== Records for the task ==
%%

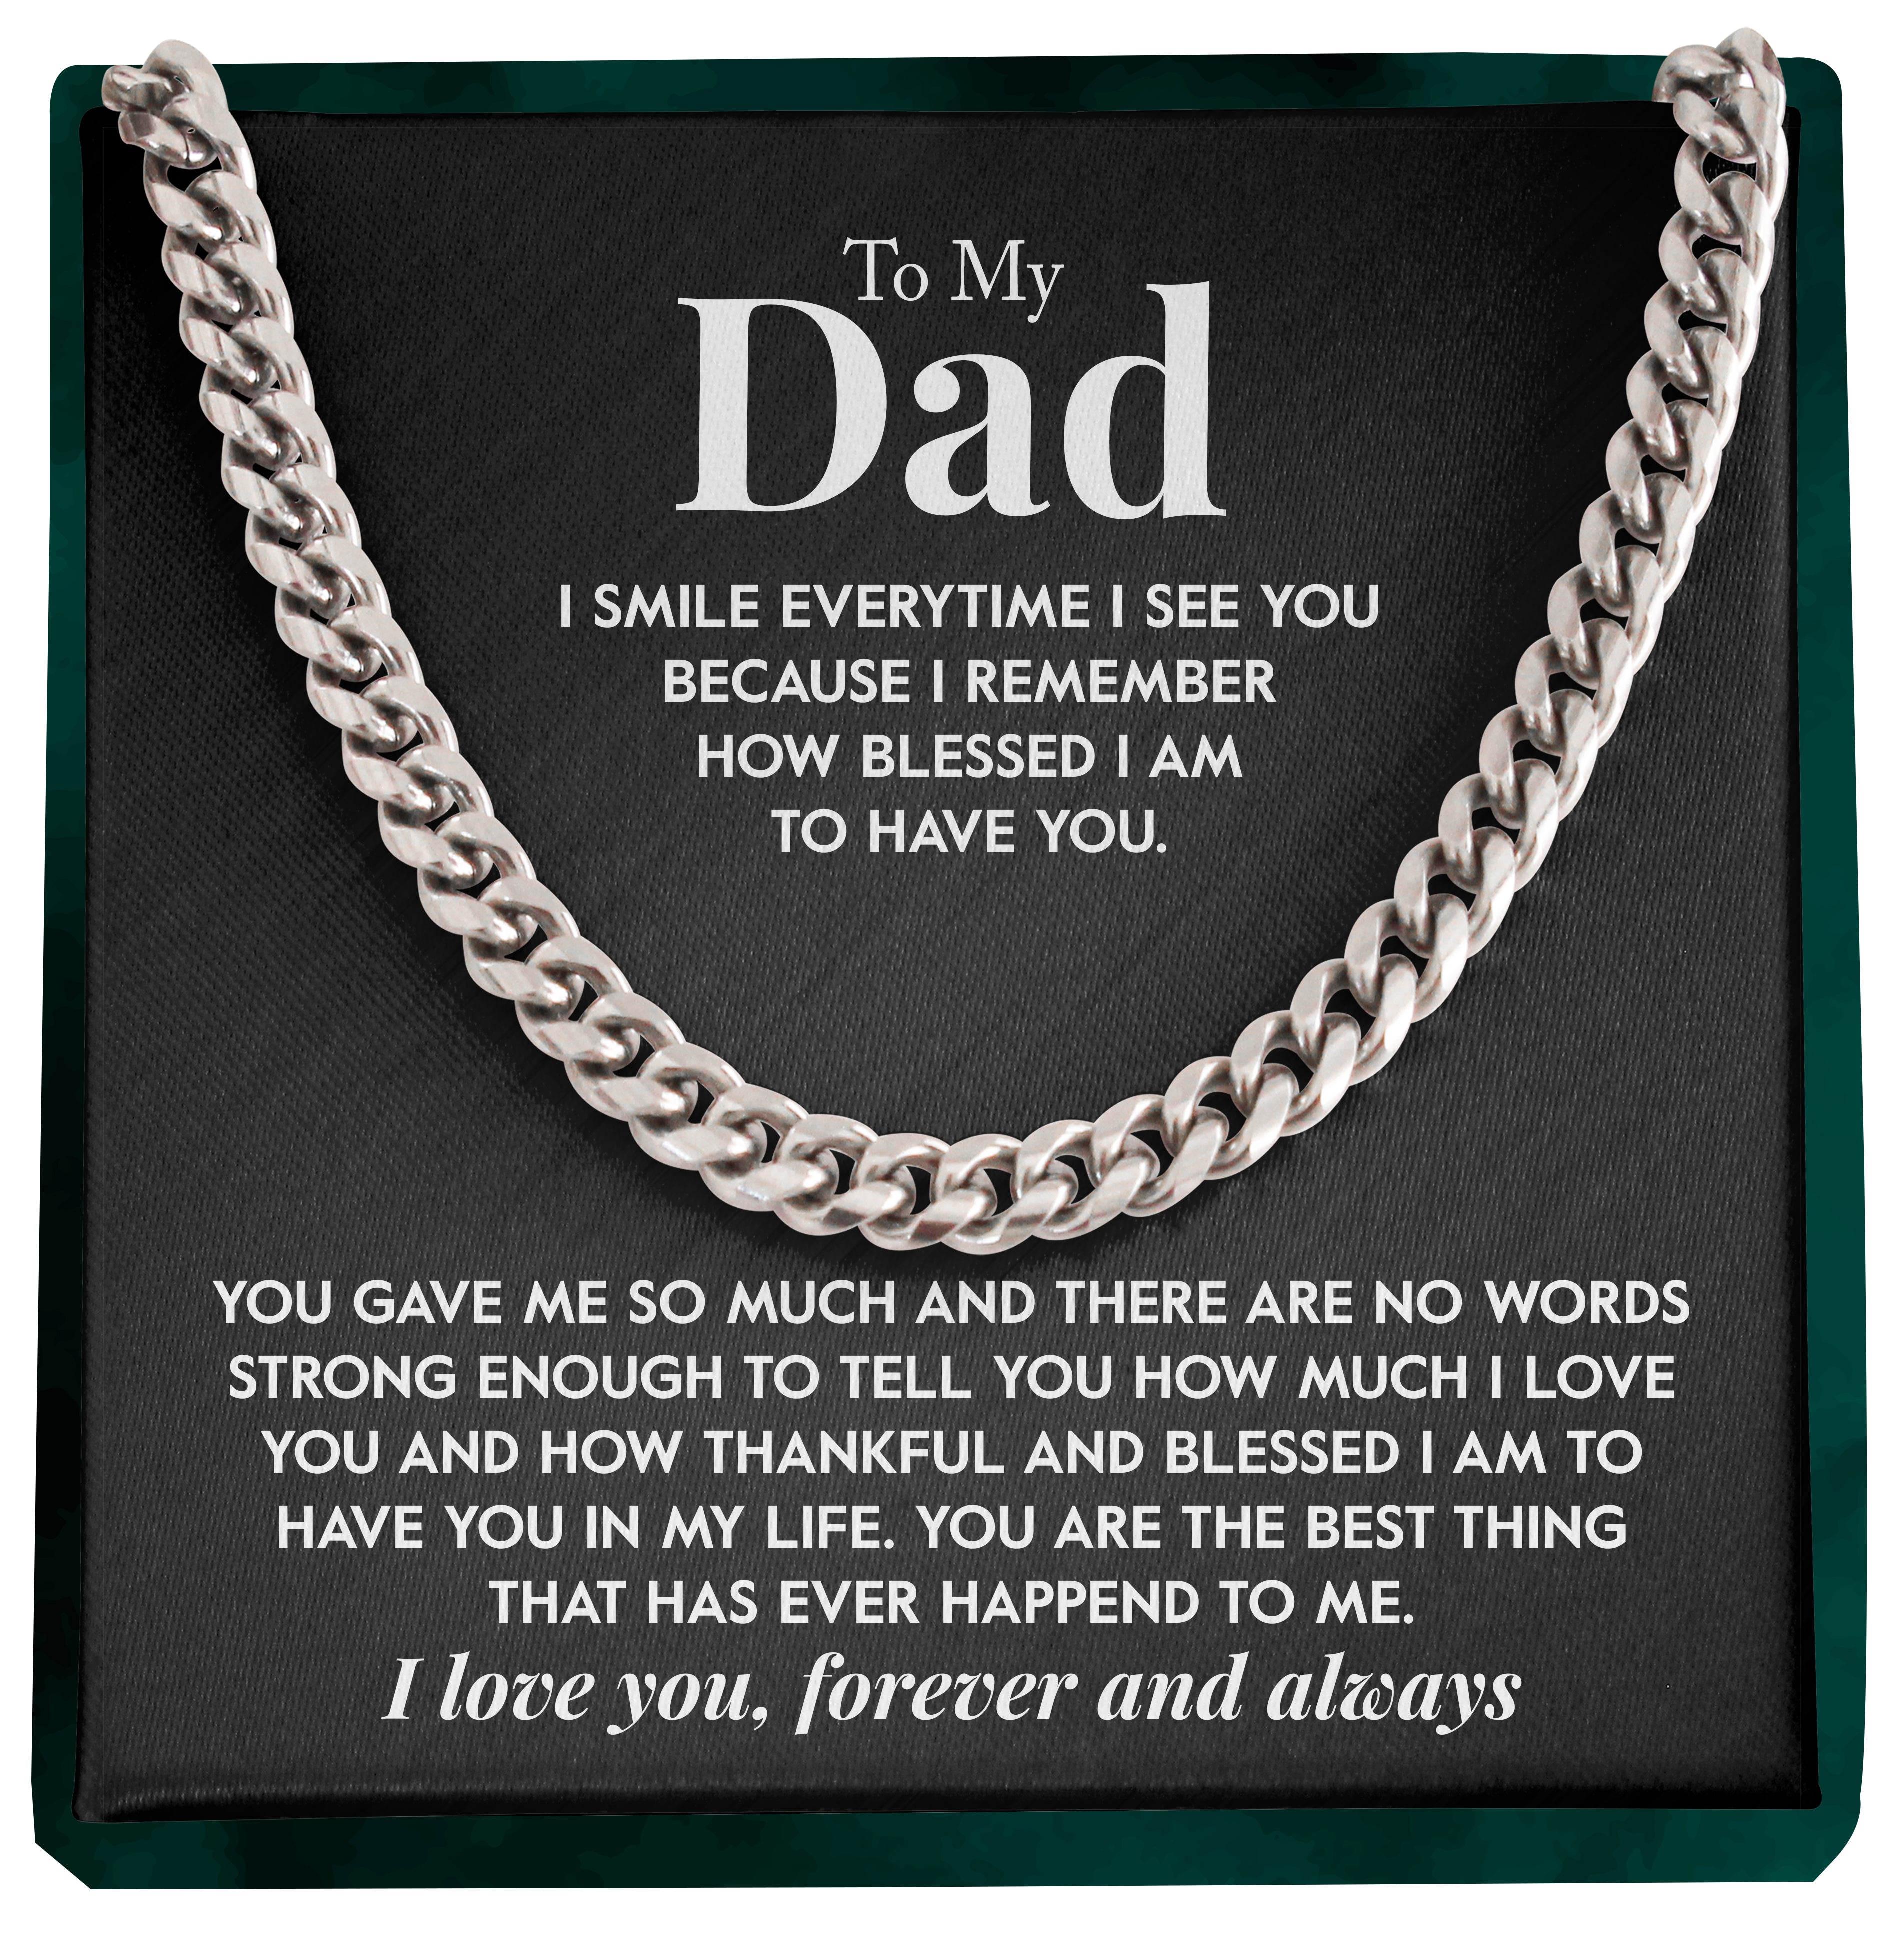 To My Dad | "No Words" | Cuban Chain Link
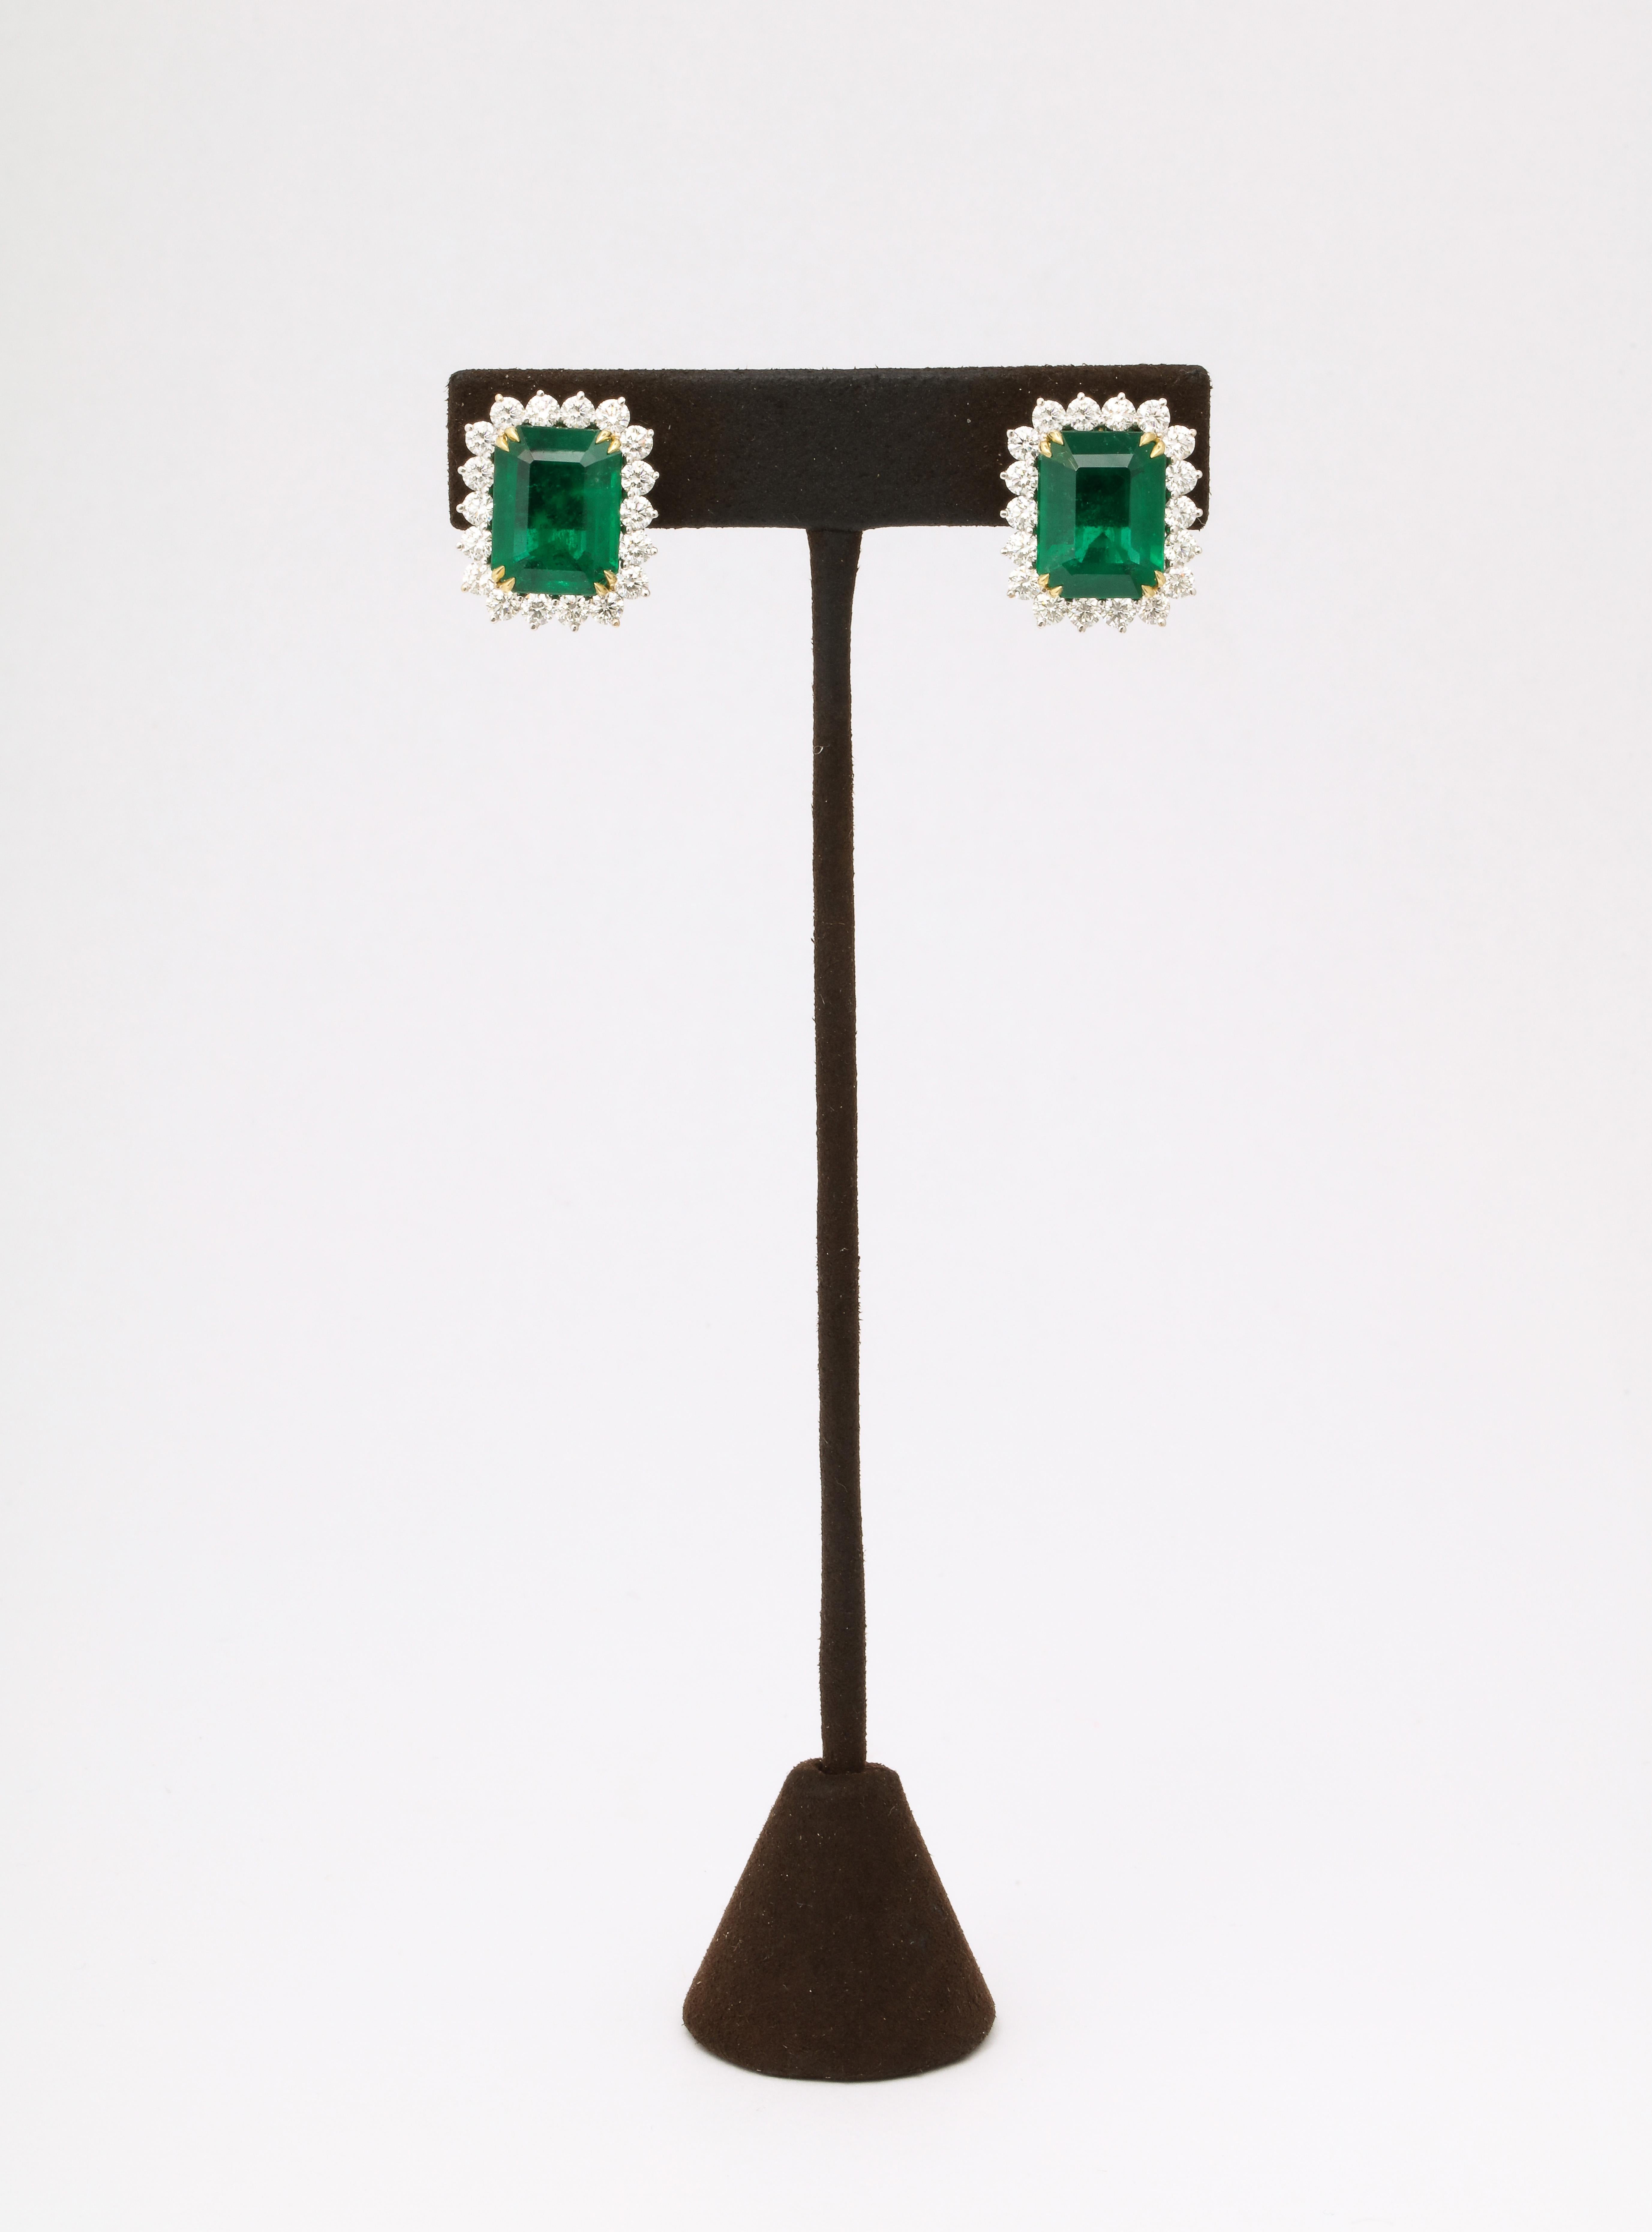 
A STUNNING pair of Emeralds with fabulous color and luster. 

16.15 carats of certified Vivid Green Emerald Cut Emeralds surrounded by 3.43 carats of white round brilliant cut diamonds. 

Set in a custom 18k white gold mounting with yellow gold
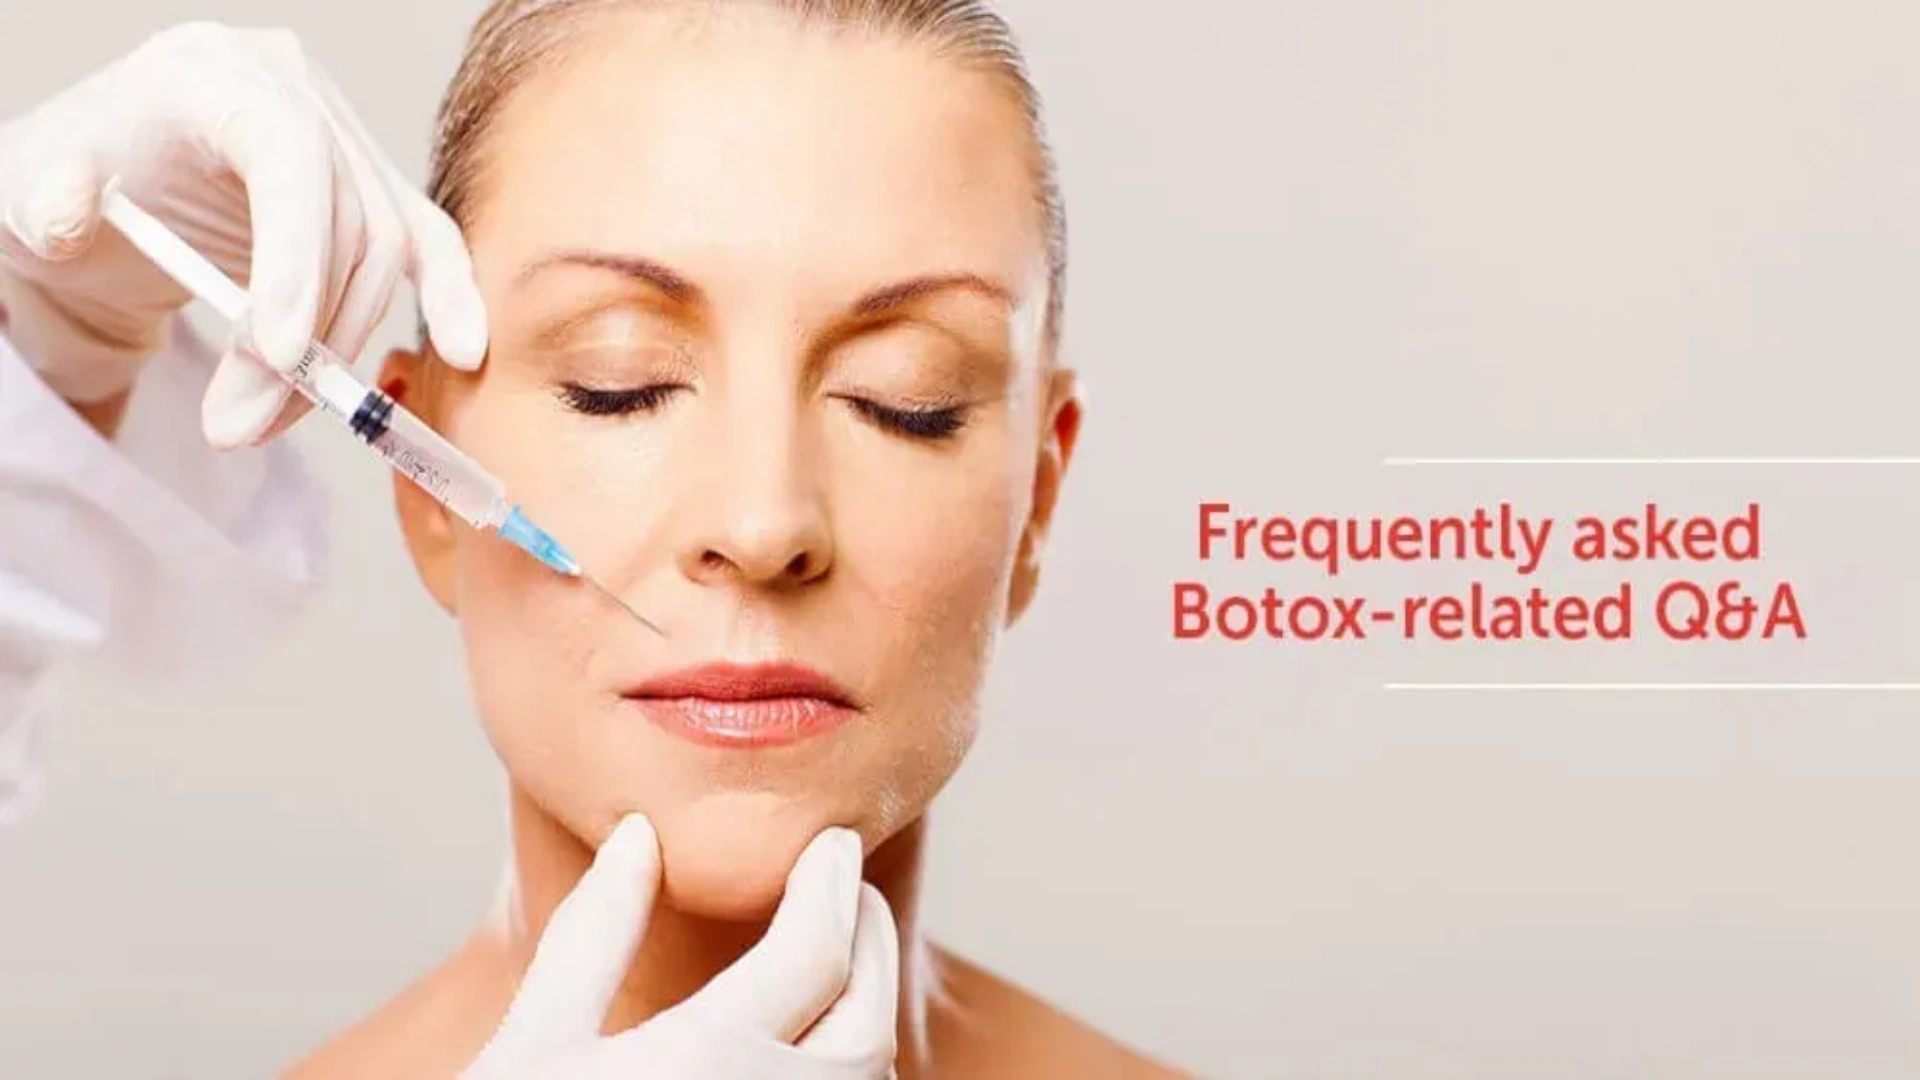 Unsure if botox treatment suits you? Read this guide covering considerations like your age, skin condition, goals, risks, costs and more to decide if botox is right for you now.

%%

Every line of the records above should be reproduced exactly, with no pictures included.

== Result of the task ==
 To My Dad | "No Words" | Cuban Chain Link
A STUNNING pair of Emeralds with fabulous color and luster. 

16.15 carats of certified Vivid Green Emerald Cut Emeralds surrounded by 3.43 carats of white round brilliant cut diamonds. 

Set in a custom 18k white gold mounting with yellow gold
 Unsure if botox treatment suits you? Read this guide covering considerations like your age, skin condition, goals, risks, costs and more to decide if botox is right for you now.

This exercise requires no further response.